TP-Link Switches going "Unavailable"

guice · February 16, 2020, 3:15am

I just want to say in recent days, my TP Link discoveries have been far more reliable. Now, occasionally would go offline. But most of the time, upon reboots, all my devices are now getting properly discovered.

I don’t if there was a bug or improvement related or not. I do know as of 1.105.2, things responded. I’m now on 1.105.4 and still as good, even with 4 newly added devices.

CaptTom · February 16, 2020, 1:03pm

I had one TPLink smart plug throw warnings 8 times in the past hour. But unless I look in the log, it doesn’t seem to matter. The data (on/off status and energy usage) appear to be mostly all there

I assume it retries and comes back quickly. For my application, “mostly” is good enough. But I think for some users this would be unacceptable.

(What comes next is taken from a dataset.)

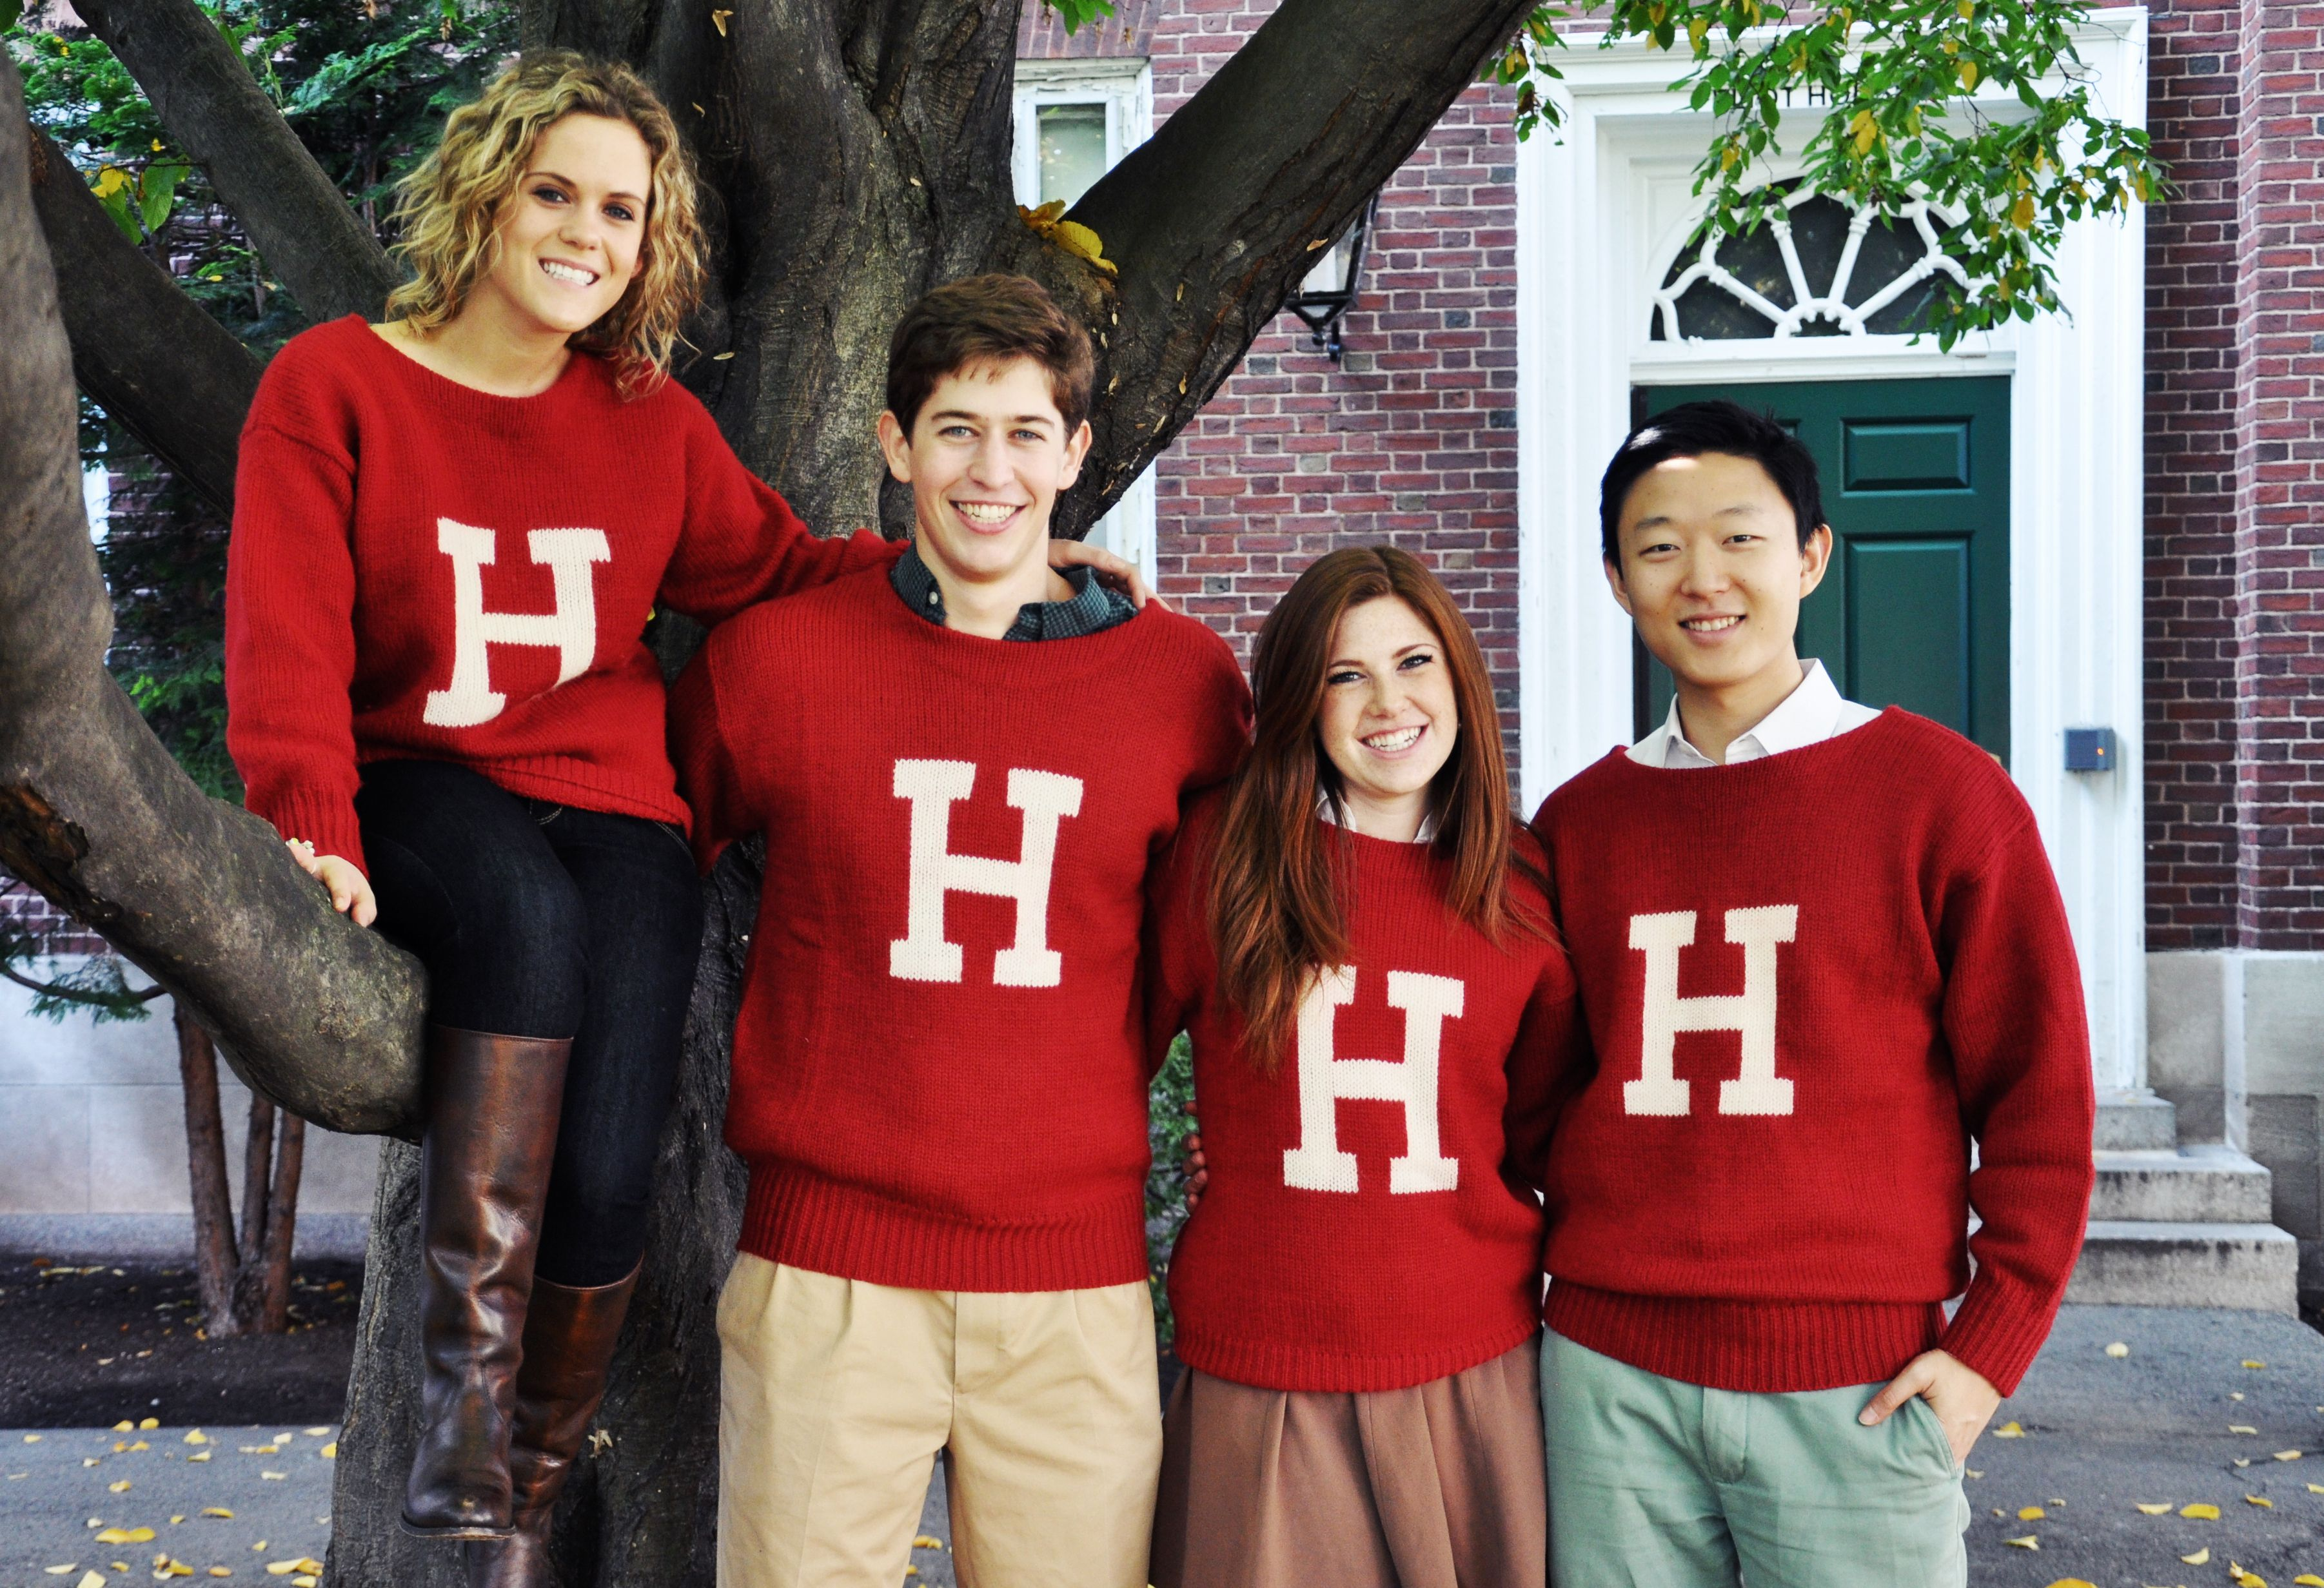 The Harvard H Sweater....

It’s easy to blame the user or a weak WiFi signal. But other WiFi devices work fine in the area of my two smart plugs, and even they seem to work fine most of the time. I keep coming back to the idea that somehow these things simply don’t always respond to whatever HA is doing to contact them, and a retry should be considered normal, not an error condition.

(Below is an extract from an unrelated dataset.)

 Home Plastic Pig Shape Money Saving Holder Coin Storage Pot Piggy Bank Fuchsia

guice · February 16, 2020, 4:41pm

It’s not really the wifi signal, though, but more about MIMO, how traffic communicates through your router. The Hook Up goes got a explanation on the how wifi communication works (link goes directly to the point of interest). The most IoT devices you add, the larger your “queues” become – you will need a good router, not some single-antenna ISP supplied one.

After learning this, I added a new router with multiple points, separate from my primary router, and moved almost all my IoT devices to that.

This wasn’t a factor for my switches (when I did it vs my last complaint post), but I do know, it’s definitely seems to have helped my Google devices continue their stream - we almost never get drops now. Before, used to be once or twice a day.

CaptTom · February 16, 2020, 8:27pm

How many is too many? I have exactly two smart plugs. I also have three smart thermostats which don’t communicate with HA, but I guess those count as IoT devices. So that’s five.

Right. The problem seems to be with the way HA handles the switches.

JOHN3 · March 2, 2020, 5:49pm

jono Bit off topic, but how did you connect an old router to your system?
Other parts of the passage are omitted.